As a transmission line, transmission efficiency will be maximum when the impedance of the antenna, the characteristic impedance of the twin-lead line and the impedance of the equipment are the same. For this reason, when attaching a twin-lead line to a coaxial cable connection, such as the 300 ohm twin-lead from a domestic television antenna to the television's 75 ohm coax antenna input, a balun with a 4:1 ratio is commonly used. Its purpose is double: first, it transforms twin-lead's 300 ohm impedance to match the 75 ohm coaxial cable impedance; and second, it transforms the balanced, symmetric transmission line to the unbalanced coax input. In general, when used as a feedline, twin-lead (especially ladder line versions) has a higher efficiency than coaxial cable when there is an impedance mismatch between the feedline and the source (or sink). For receive-only use this merely implies that the system can communicate under slightly less optimal conditions; for transmit use, this can often result in significantly less energy lost as heat in the transmission line.

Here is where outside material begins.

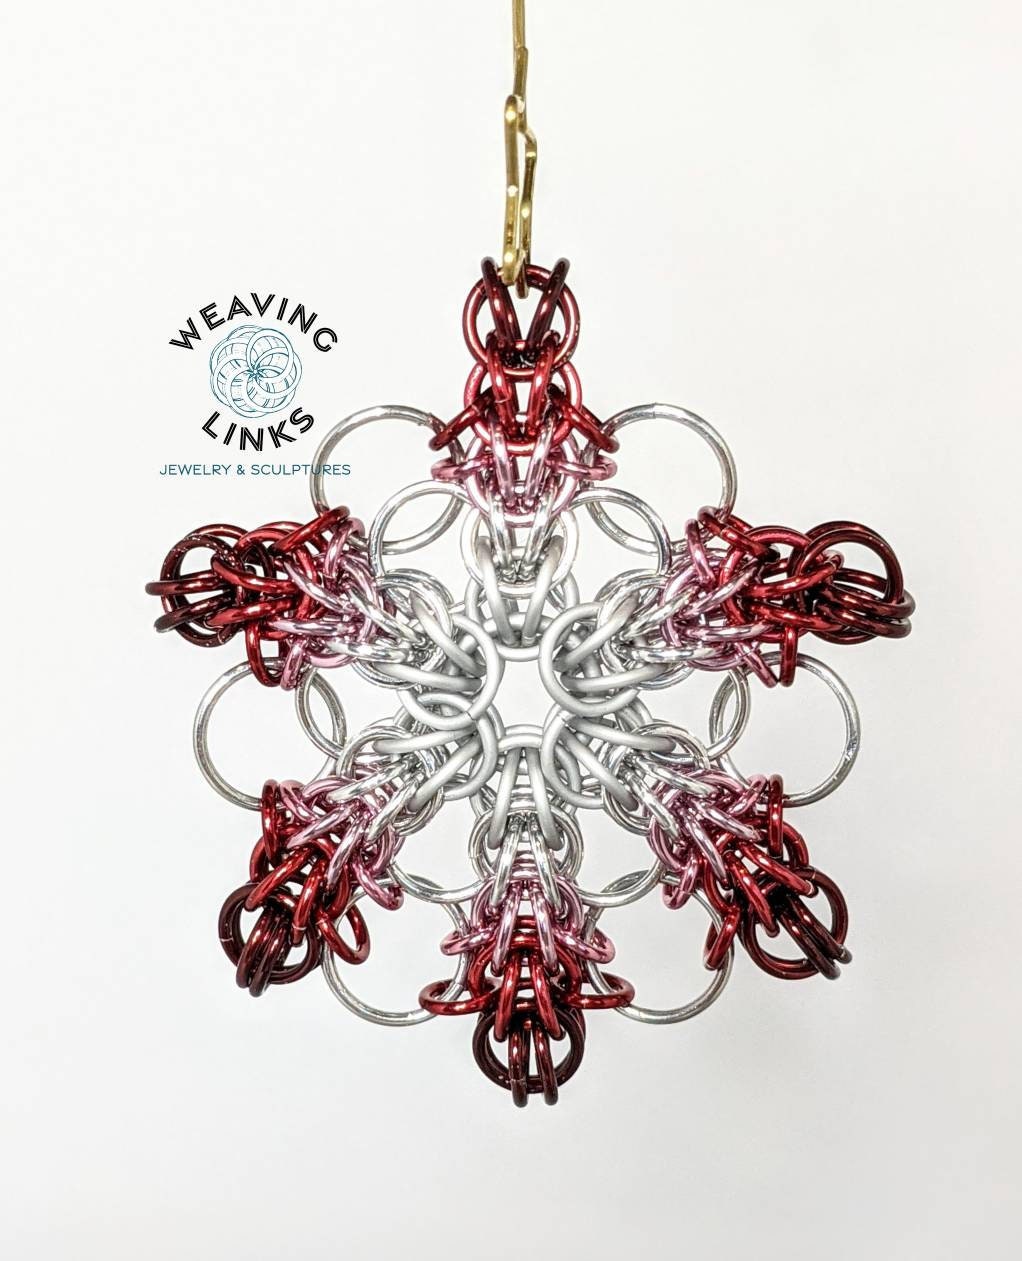 Instructions for Ombre Steampunk Snowflake Ornament

Twin-lead also can serve as a convenient material with which to build a simple folded dipole antenna. Such antennas may be fed either by using a 300 ohm twin-lead feeder or by using a 300-to-75-ohm balun and using coaxial feedline and will usually handle moderate power loads without overheating.

Characteristic impedance

The characteristic impedance of a parallel-wire transmission line like twin lead or ladder line depends on its dimensions; the diameter of the wires  d  and their separation  D . This is derived below.

The characteristic impedance  Z_o  of any transmission line is given by

[math]\displaystyle{ Z_\mathsf{o} = \sqrt{ \frac{R + j\ \omega\ L }{\; G + j\ \omega\ C\;}\ } }[/math]

where for twin-lead line the primary line constants are

[math]\displaystyle{ R = \frac{\ 2\ R_\mathsf{s}\ }{ \pi\ d } }[/math]

[math]\displaystyle{ L = \frac{\mu}{\ \pi\ }\ \operatorname{arcosh} \left( \frac{\ D\ }{d} \right) }[/math]

[math]\displaystyle{ G = \frac{ \pi\ \sigma }{\ \operatorname{arcosh} \left( \frac{\ D\ }{d} \right)\ } }[/math]

[math]\displaystyle{ C = {{\pi\ \varepsilon l}\over{\ \operatorname{arcosh} \left( \frac{\ D\ }{d} \right)\ }} }[/math]

where  d  is the wire diameter and  D  is the separation of the wires measured between their centre-lines,  ε  is the absolute permittivity between the wires,  l  is the length of the wire, and where the surface resistance of the wires is given by

[math]\displaystyle{ R_\mathsf{s} = \sqrt{ \frac{\ \pi\ f\ \mu_\mathsf{c}\ }{ \sigma_\mathsf{c} } \; } ~. }[/math]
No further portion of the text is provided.